# PAYE and 2 employers - best way to split taxes?



## ella2007 (27 Jan 2009)

Hi,

I am an employee of 2 employers: I work 3 days a week for one employer, and 2 days a week for the other one.

My question is: is there a best way to allocate my tax credits / rate bands to either (or both?) of the employers, so that it is the most tax efficient for me? I am thinking in terms of tax charged, as well as PRSI, levy, etc.

Basically, this is what I earn:
job 1 - gross pay €26,953 yearly
job 2 - gross pay €18,000 yearly

I have this amount of tax credits for 2009: €4,061

I have struggled to find the best answer for this from Revenue, they tell me they don't know, so I hope someone can help me here.

Thanks a lot!


----------



## Clarkey (27 Jan 2009)

Tell them you want all your tax credits with job 1 and a standard rate cut off point of €26,953 with job 1. Ask them to apportion the balance of your standard rate cut off point with job 2.


----------



## ella2007 (27 Jan 2009)

Hi Clarkey,

Thanks for your reply. Much appreciated.

Actually I have had the money allocated the exact way you're saying, up to now, but wasn't sure this was the best way. Now I know! 

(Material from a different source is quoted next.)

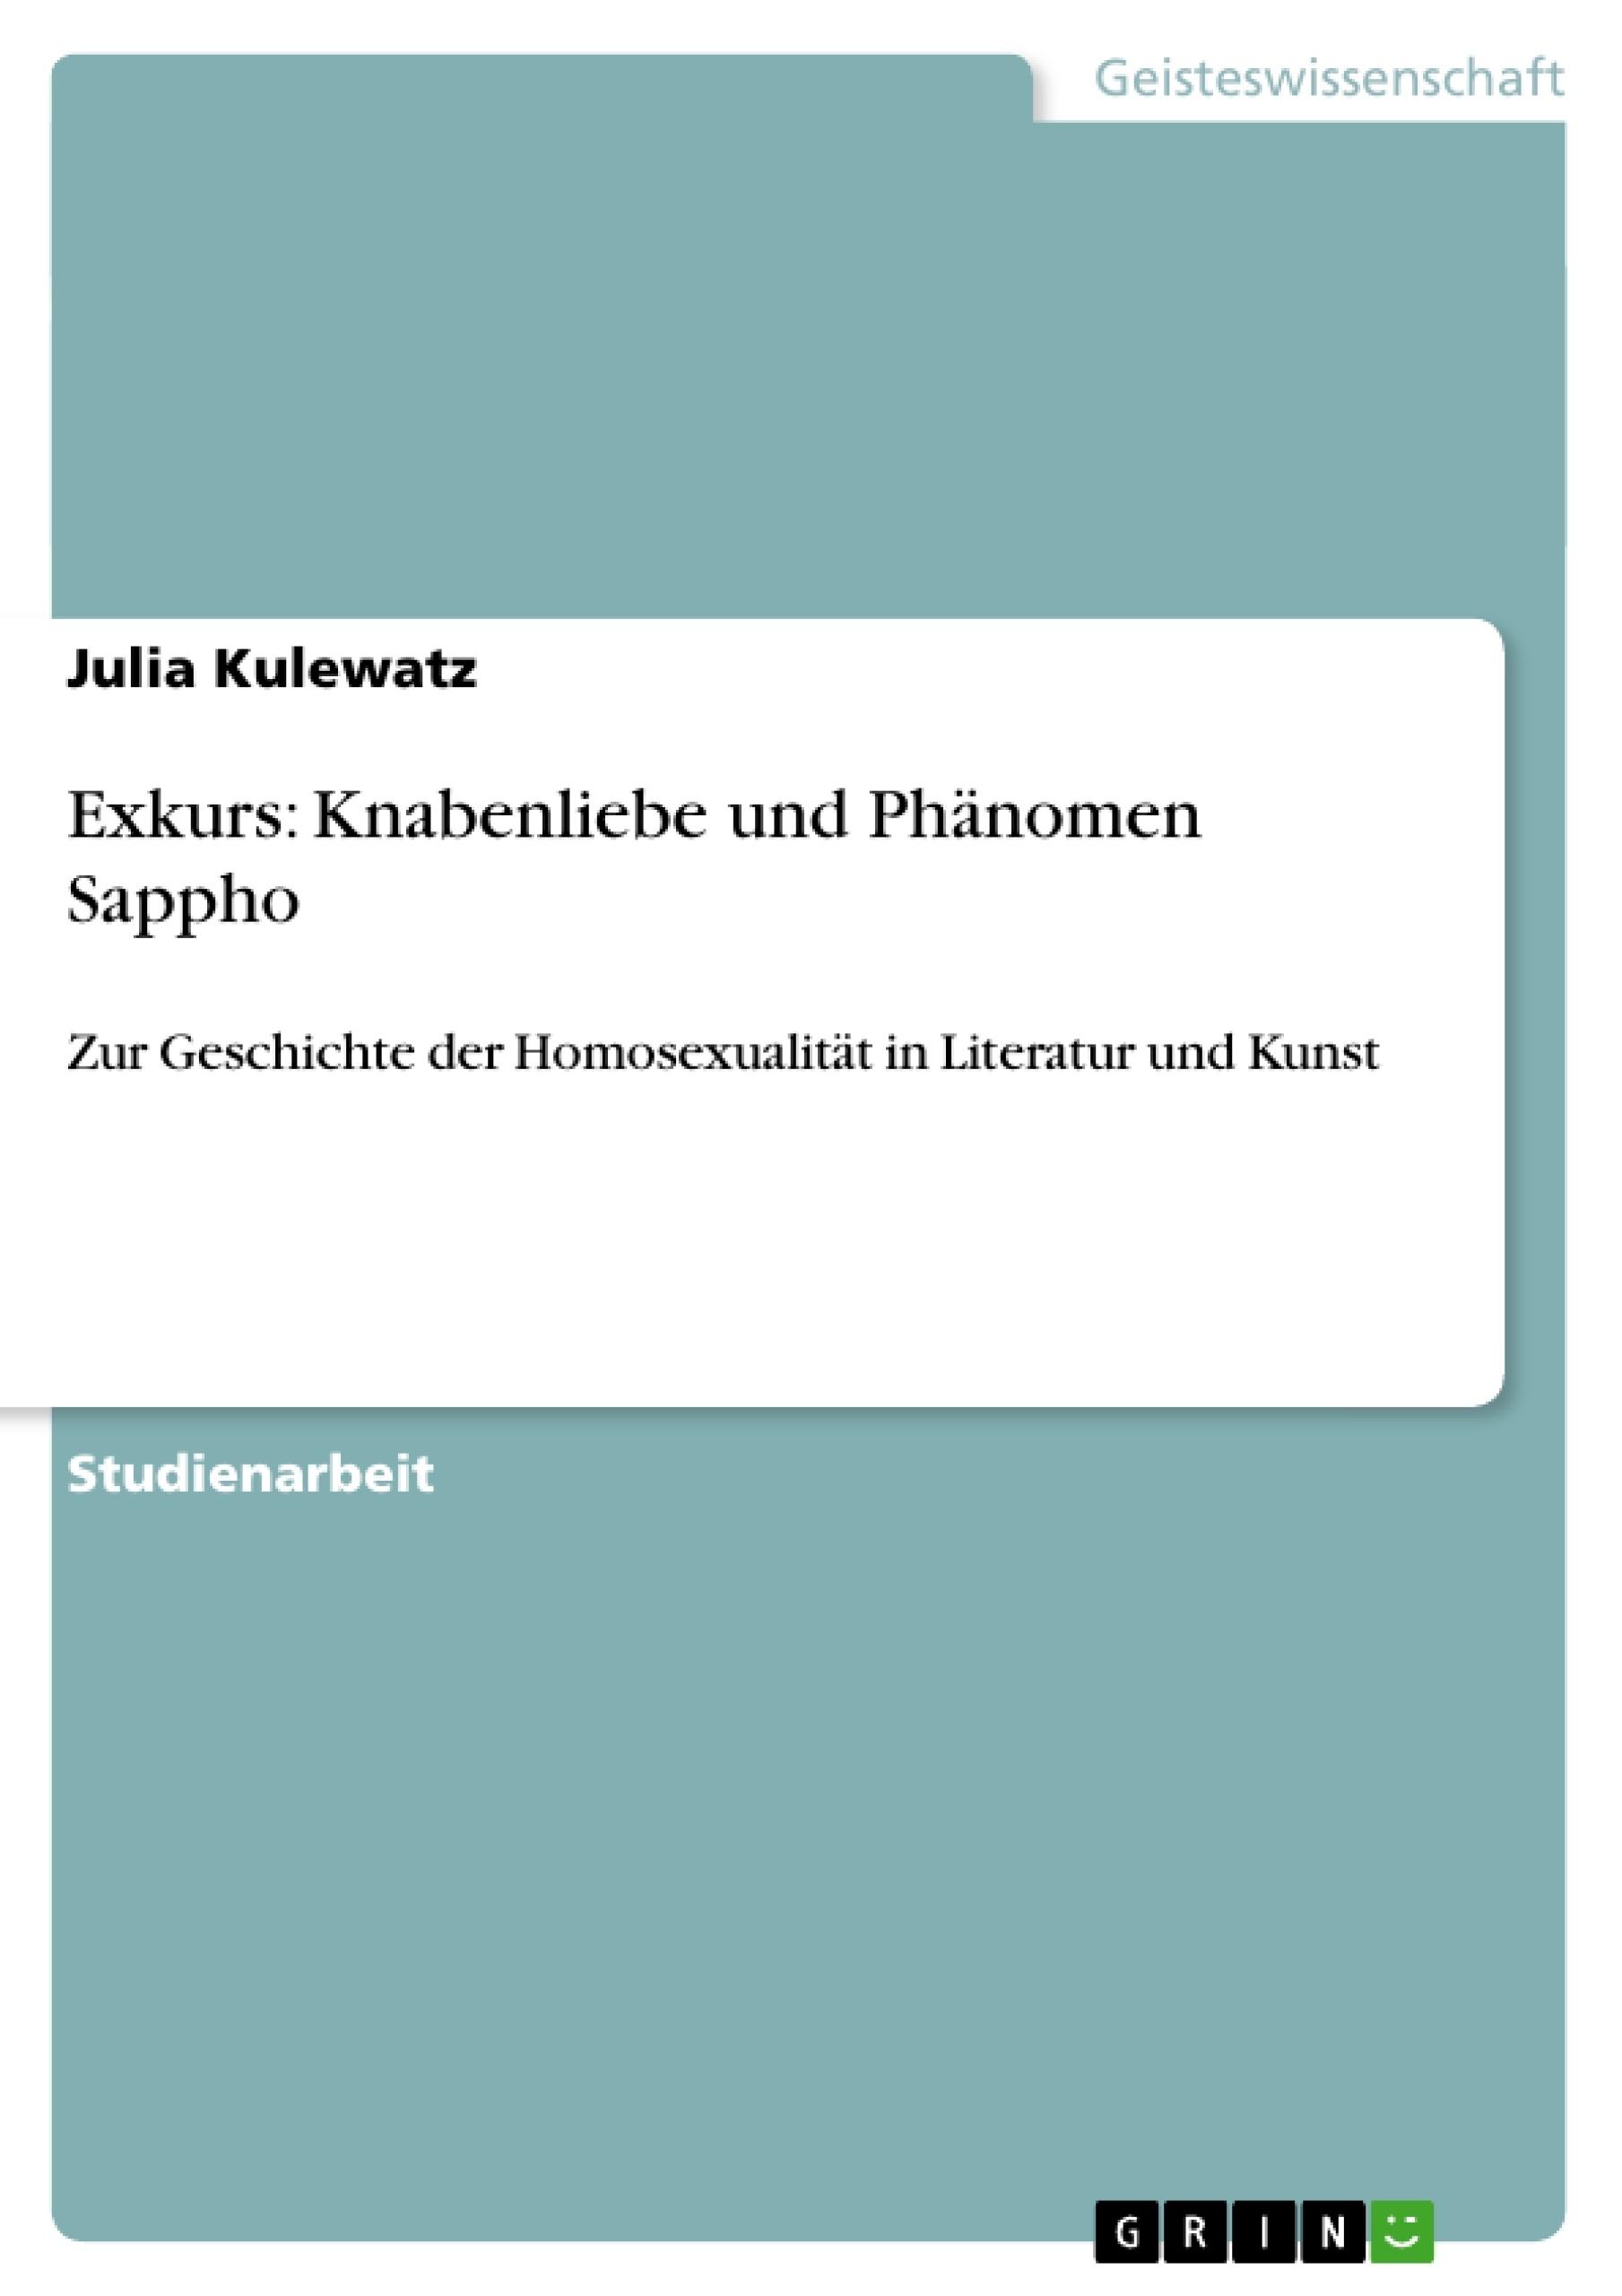 Titel: Exkurs: Knabenliebe und Phänomen Sappho

Just wondering if there is any "quick" (and easy) online guide on PAYE taxation? What I am looking for is some guide that would help me understand the different items in my pay slip... Always hard to understand!

Thanks!


----------



## ella2007 (28 Jan 2009)

Hi all,

I spoke to an accountant today on the phone and indeed this is the best way to allocate tax credits / standard rate band.

So if anybody looks at this thread and also has two PAYE jobs, here is how to split tax cert figures:
- job 1: put all the tax credits on this job + have the standard rate band stop at your gross salary in this job
- job 2: will have no tax credit + have the balance of your (gross standard rate band - gross salary from job 1) allocated to the standard rate band

In my case:
Gross standard rate band = €36,400 in my case
Job 1 - gross pay €26,953 yearly
Job 2 - gross pay €18,000 yearly
My 2009 tax credits for 2009: €4,061

So for me this is the best way to split figures:
* job 1:
tax credits = €4,061 yearly
standard rate band = €26,954 yearly

* job 2:
tax credits = €0 yearly
standard rate band = (€36,400 - €26,954) = €9,446 yearly

You can also choose to split your tax credits to both jobs, it doesn't matter in the end. It will change your net pay in each job but won't affect the global amount of taxes you pay. In my case I choose to affect all tax credits to one job as it makes things easier I feel (it's complicated enough as it is!!! )

I hope this helps others!

Cheers


----------